● **Recorded information**:
--

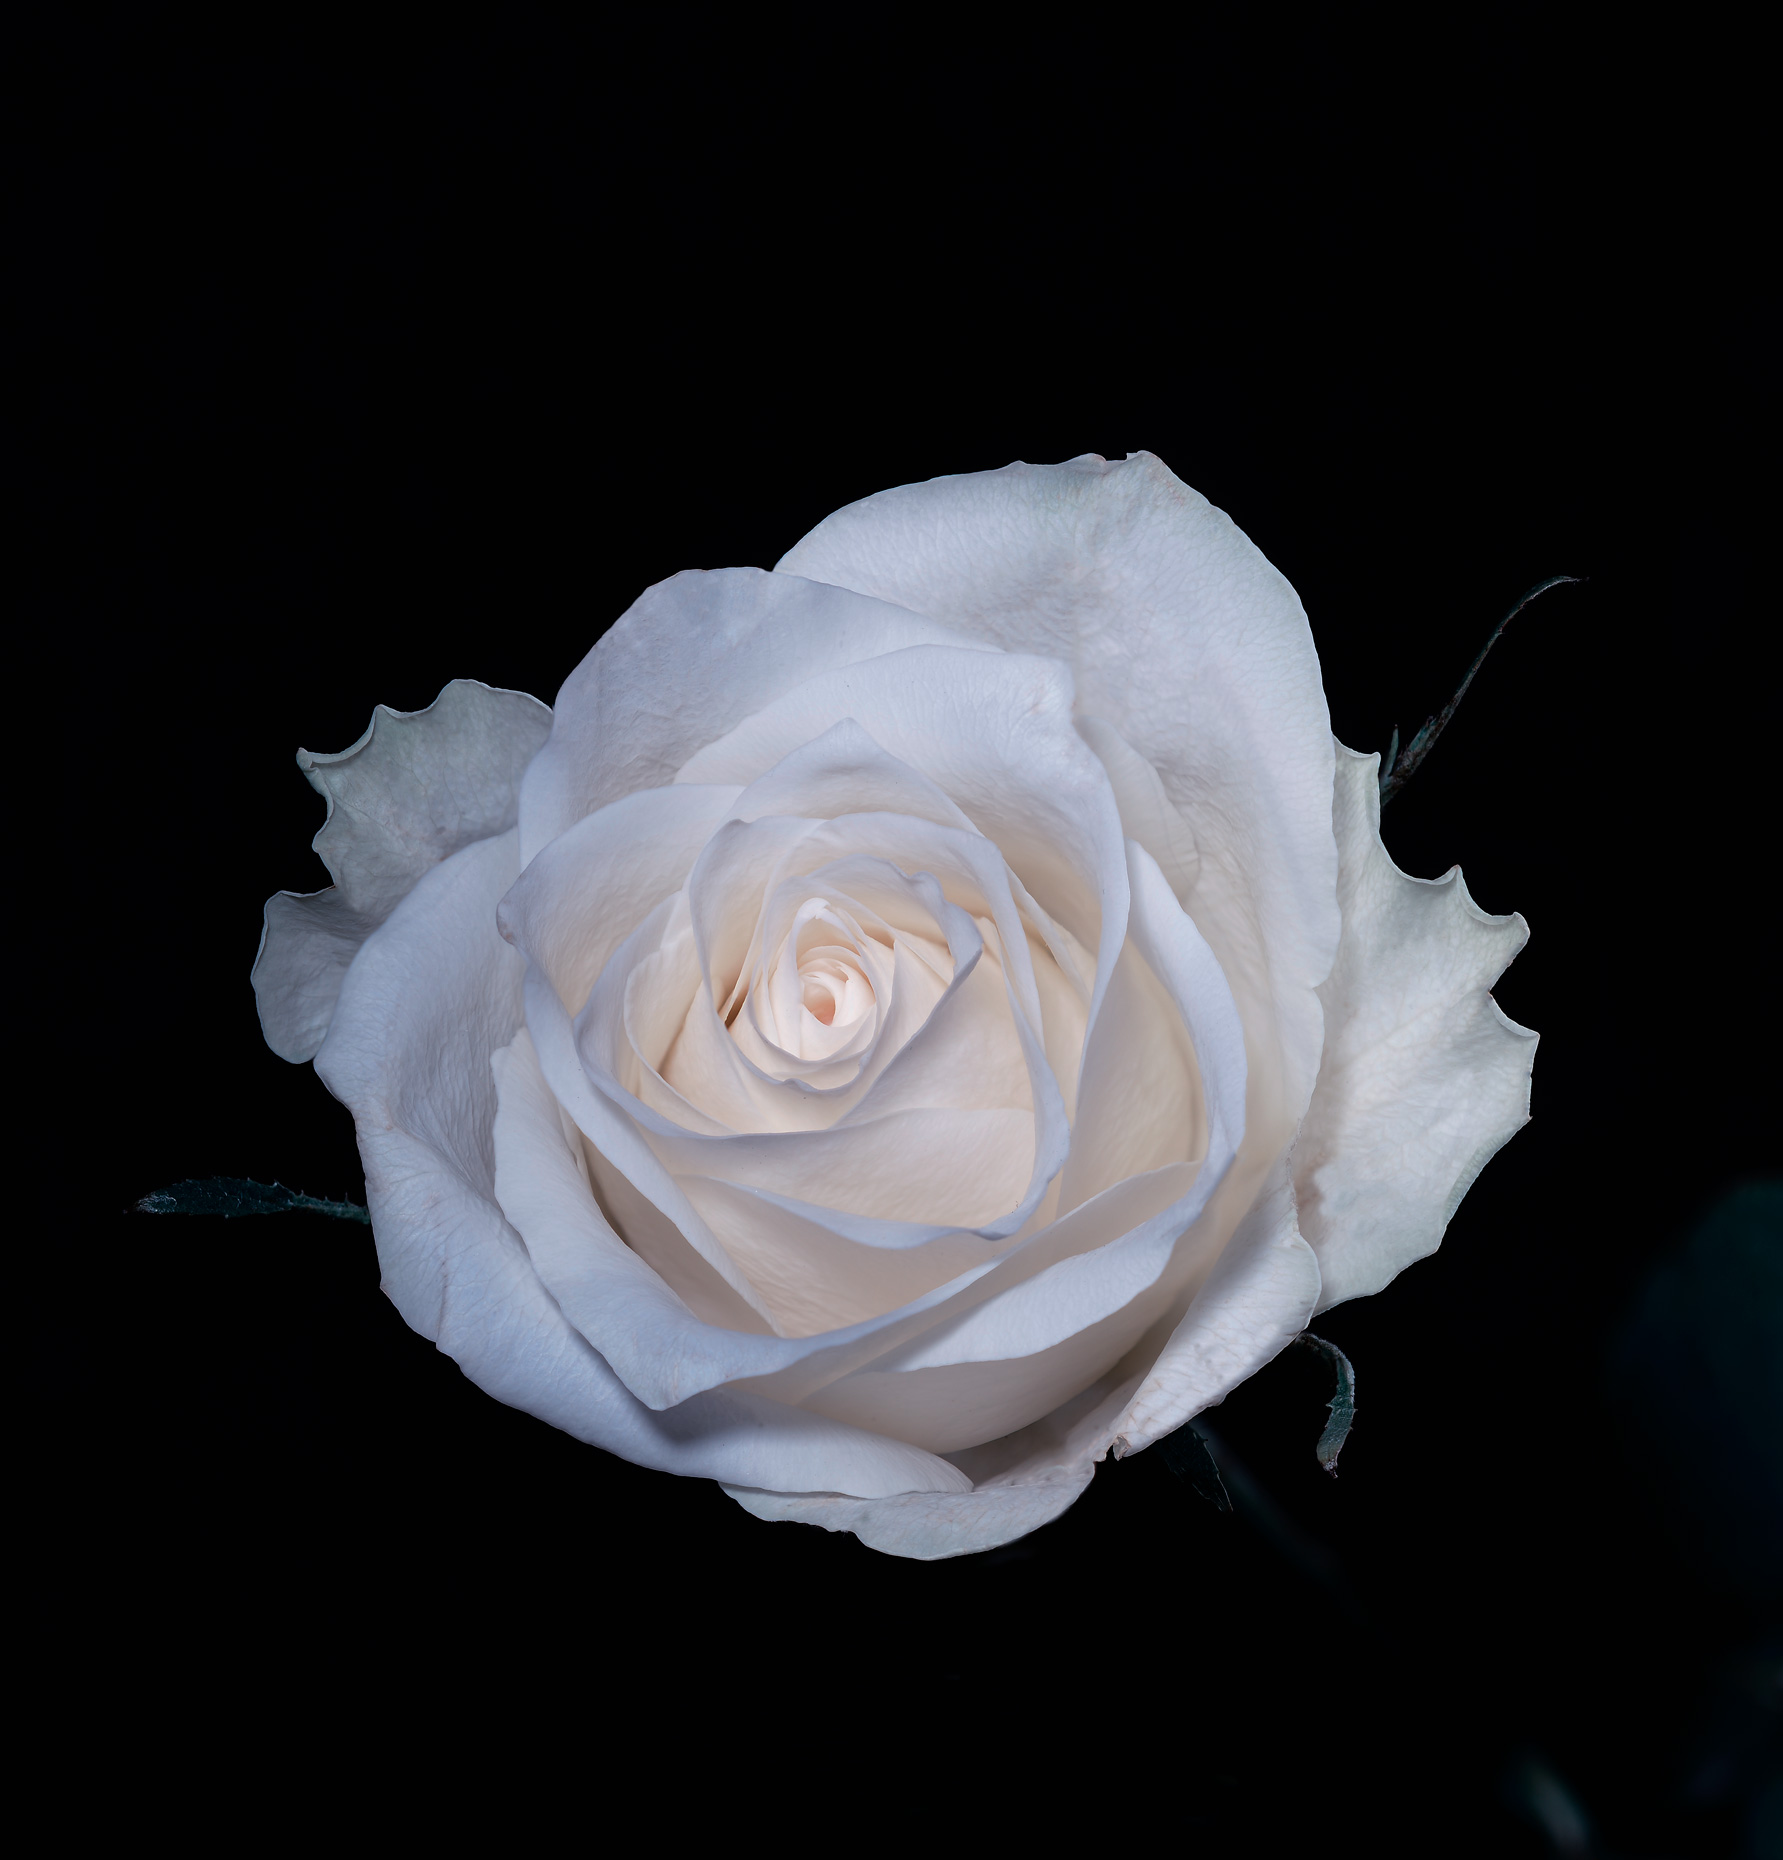 white-rose-view-1-crop-styledweb.jpg
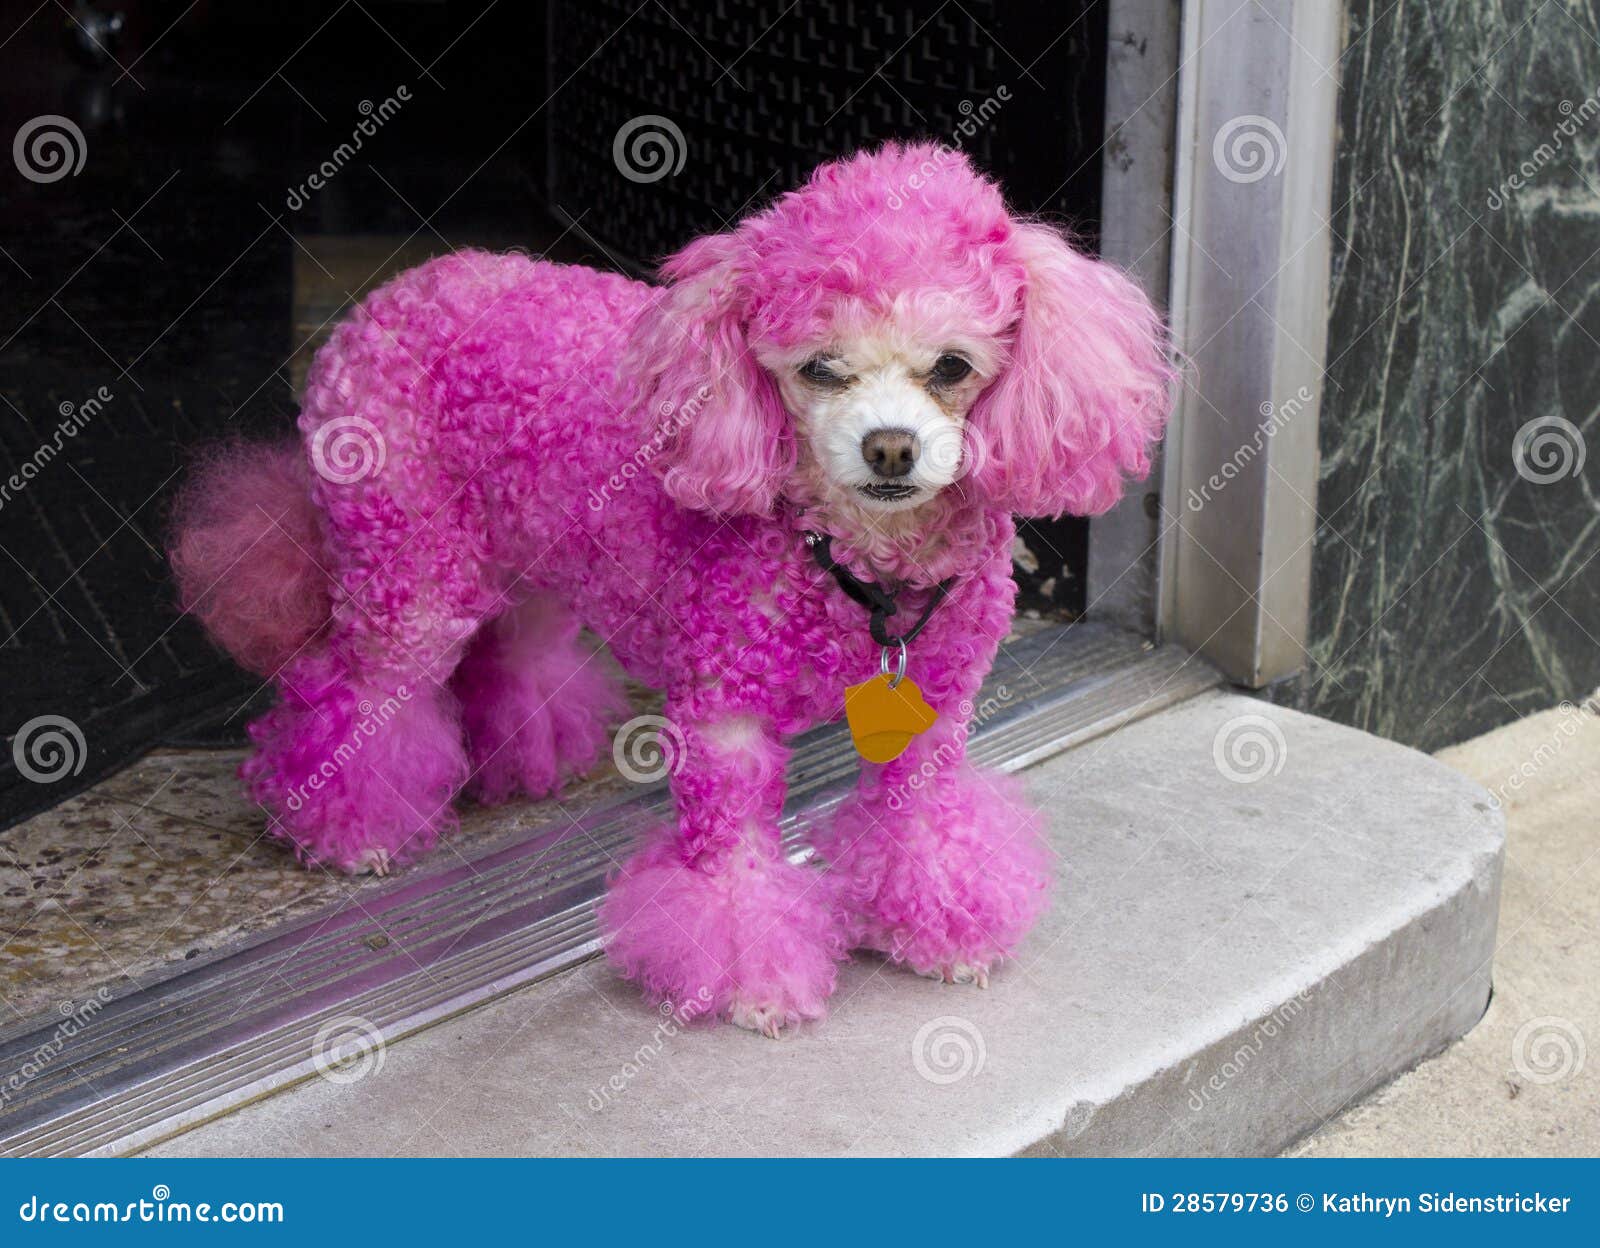 miniature pink poodle in doorway
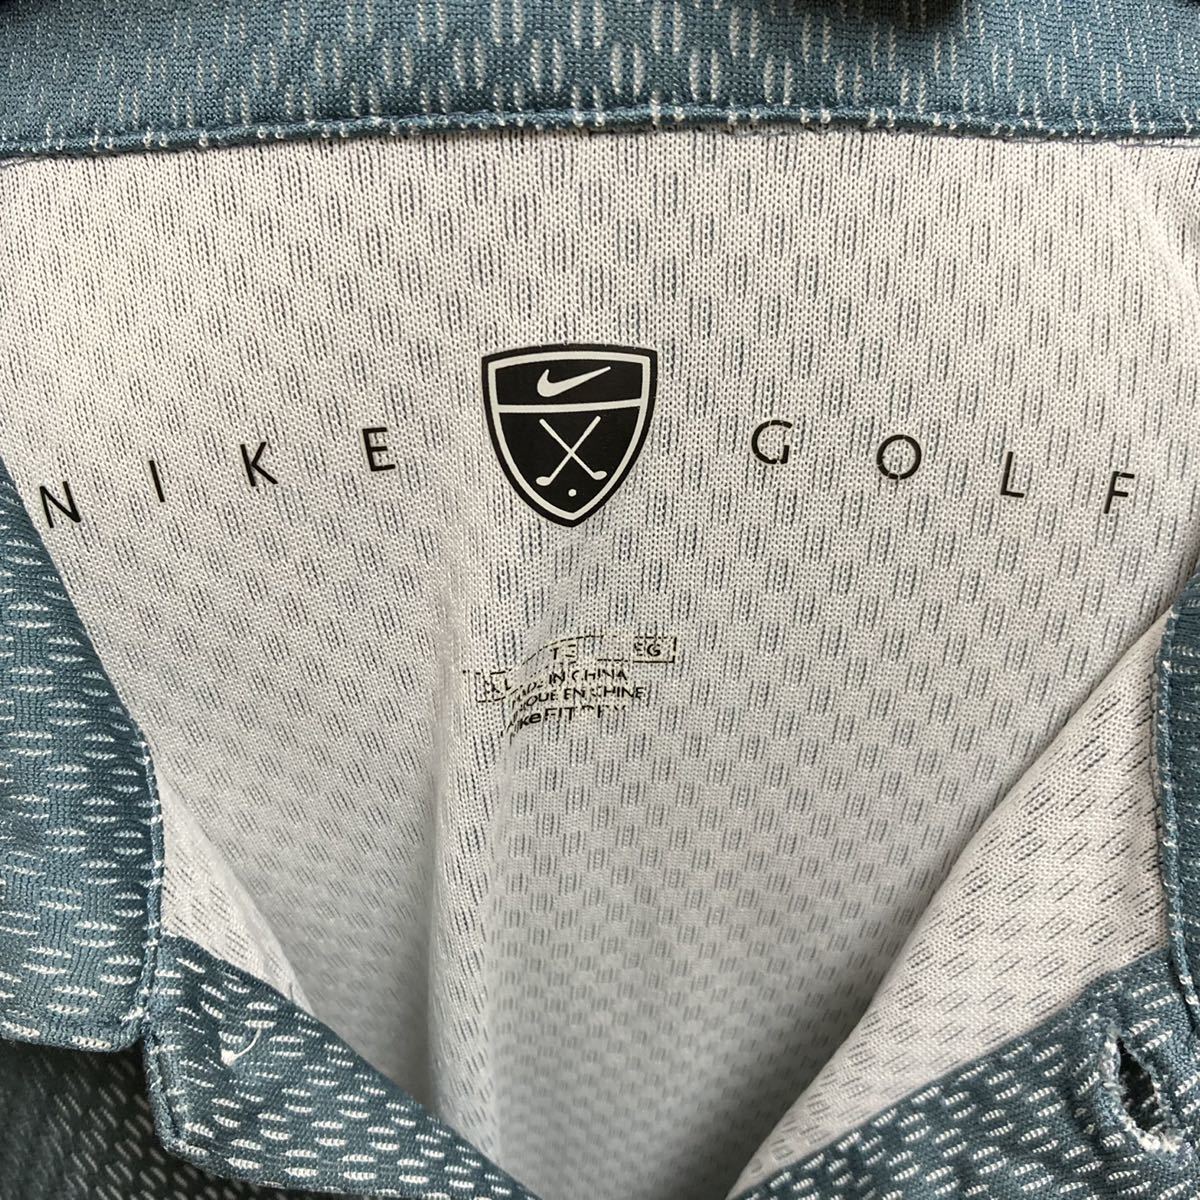 【NIKE GOLF】 ナイキ ゴルフ メンズ 長袖ポロシャツ XL 送料無料!

--

● **What is expected**:
Reproduce the data above line for line, excluding every picture.

● **Answer**:
 white-rose-view-1-crop-styledweb.jpg
 miniature pink poodle in doorway
 【NIKE GOLF】 ナイキ ゴルフ メンズ 長袖ポロシャツ XL 送料無料!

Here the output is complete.